§ Assignment:
What you return must be an exact copy of the lines in the listing below between the line holding "Men's Kaur Classic" and the line holding "LEVI'S® 519 Retro", inclusive, and nothing more.
** Data listing follows **
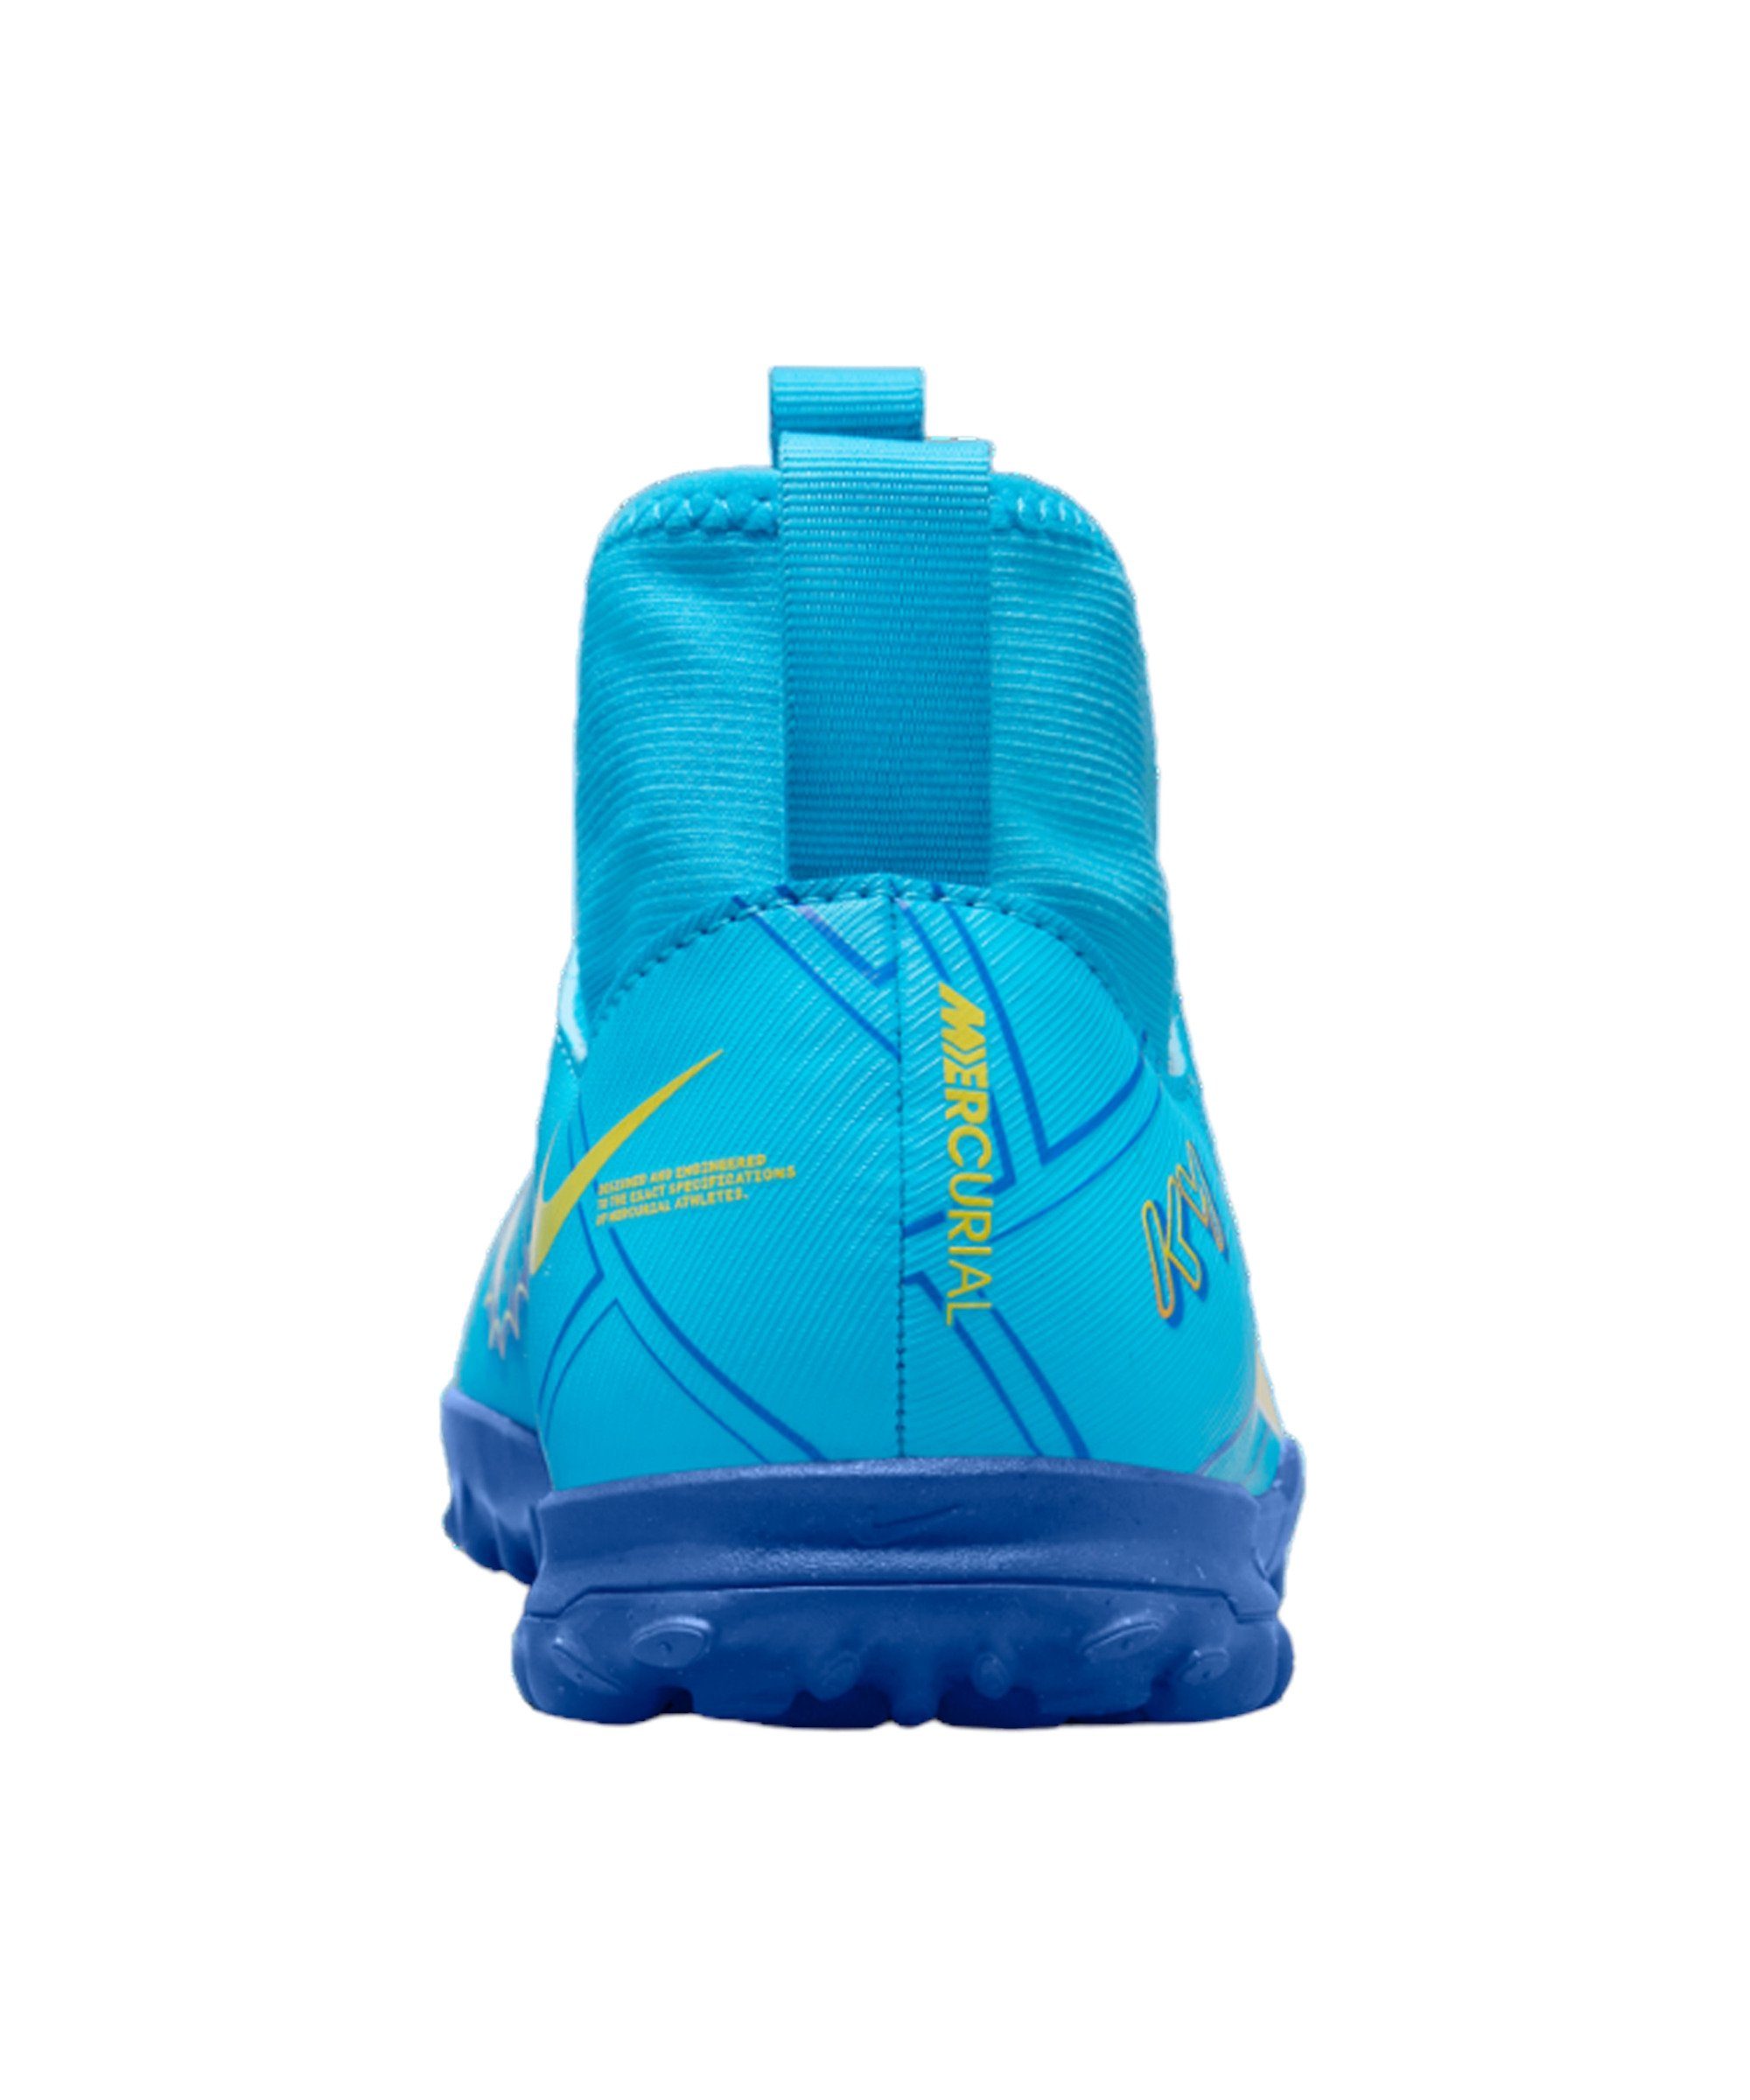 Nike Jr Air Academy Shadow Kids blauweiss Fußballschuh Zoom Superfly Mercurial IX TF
** End of Data listing **
** Data listing follows **
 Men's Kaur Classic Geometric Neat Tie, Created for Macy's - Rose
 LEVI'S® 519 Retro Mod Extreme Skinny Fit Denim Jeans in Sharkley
** End of Data listing **
** Data listing follows **
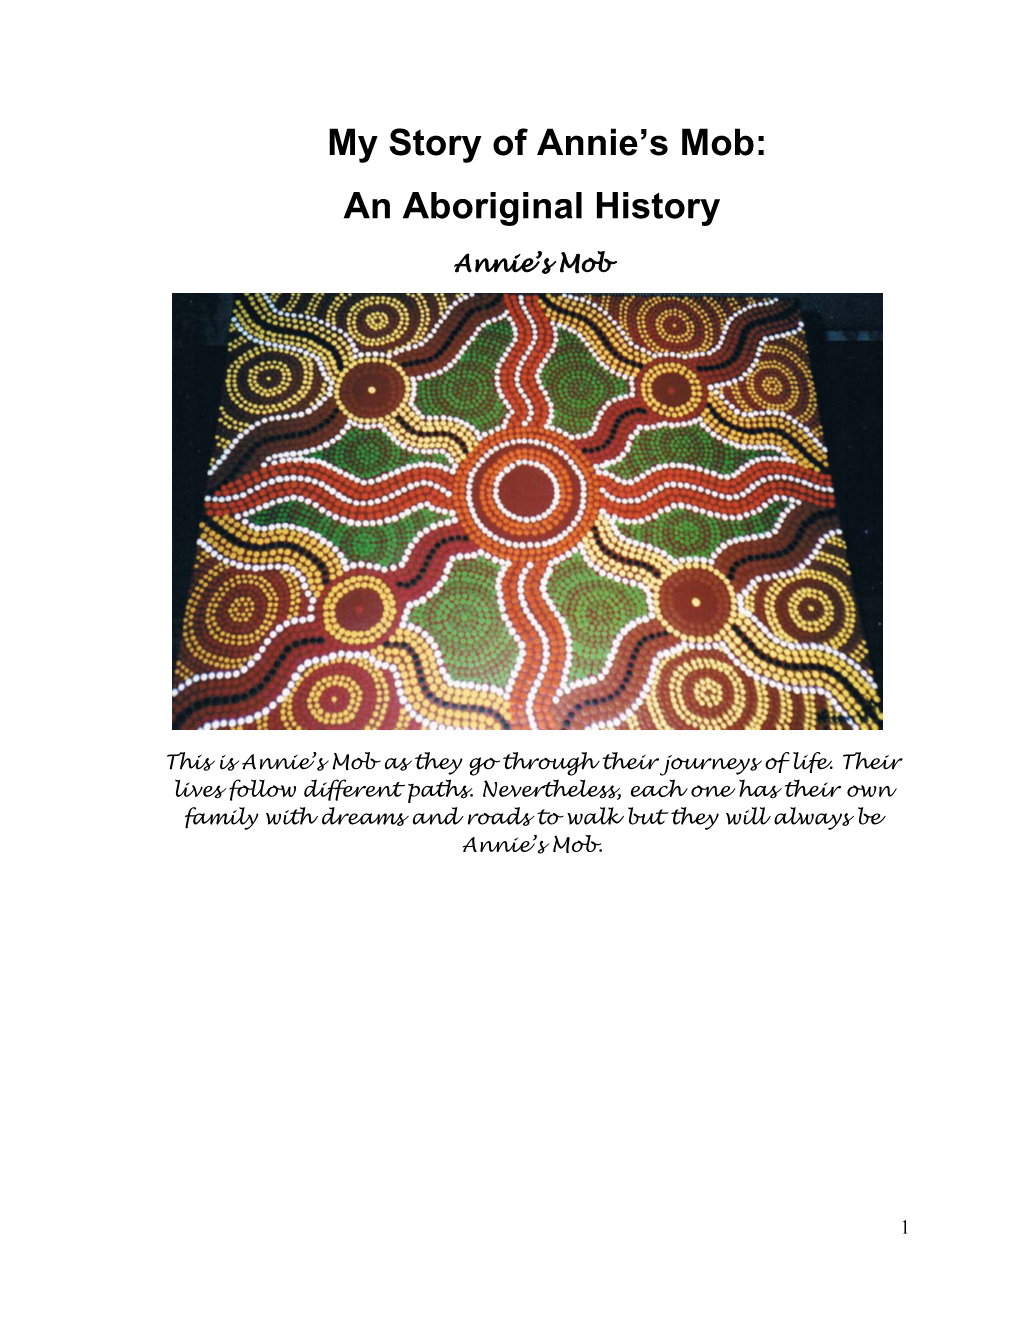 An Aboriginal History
** End of Data listing **
§ Answer:
 Men's Kaur Classic Geometric Neat Tie, Created for Macy's - Rose
 LEVI'S® 519 Retro Mod Extreme Skinny Fit Denim Jeans in Sharkley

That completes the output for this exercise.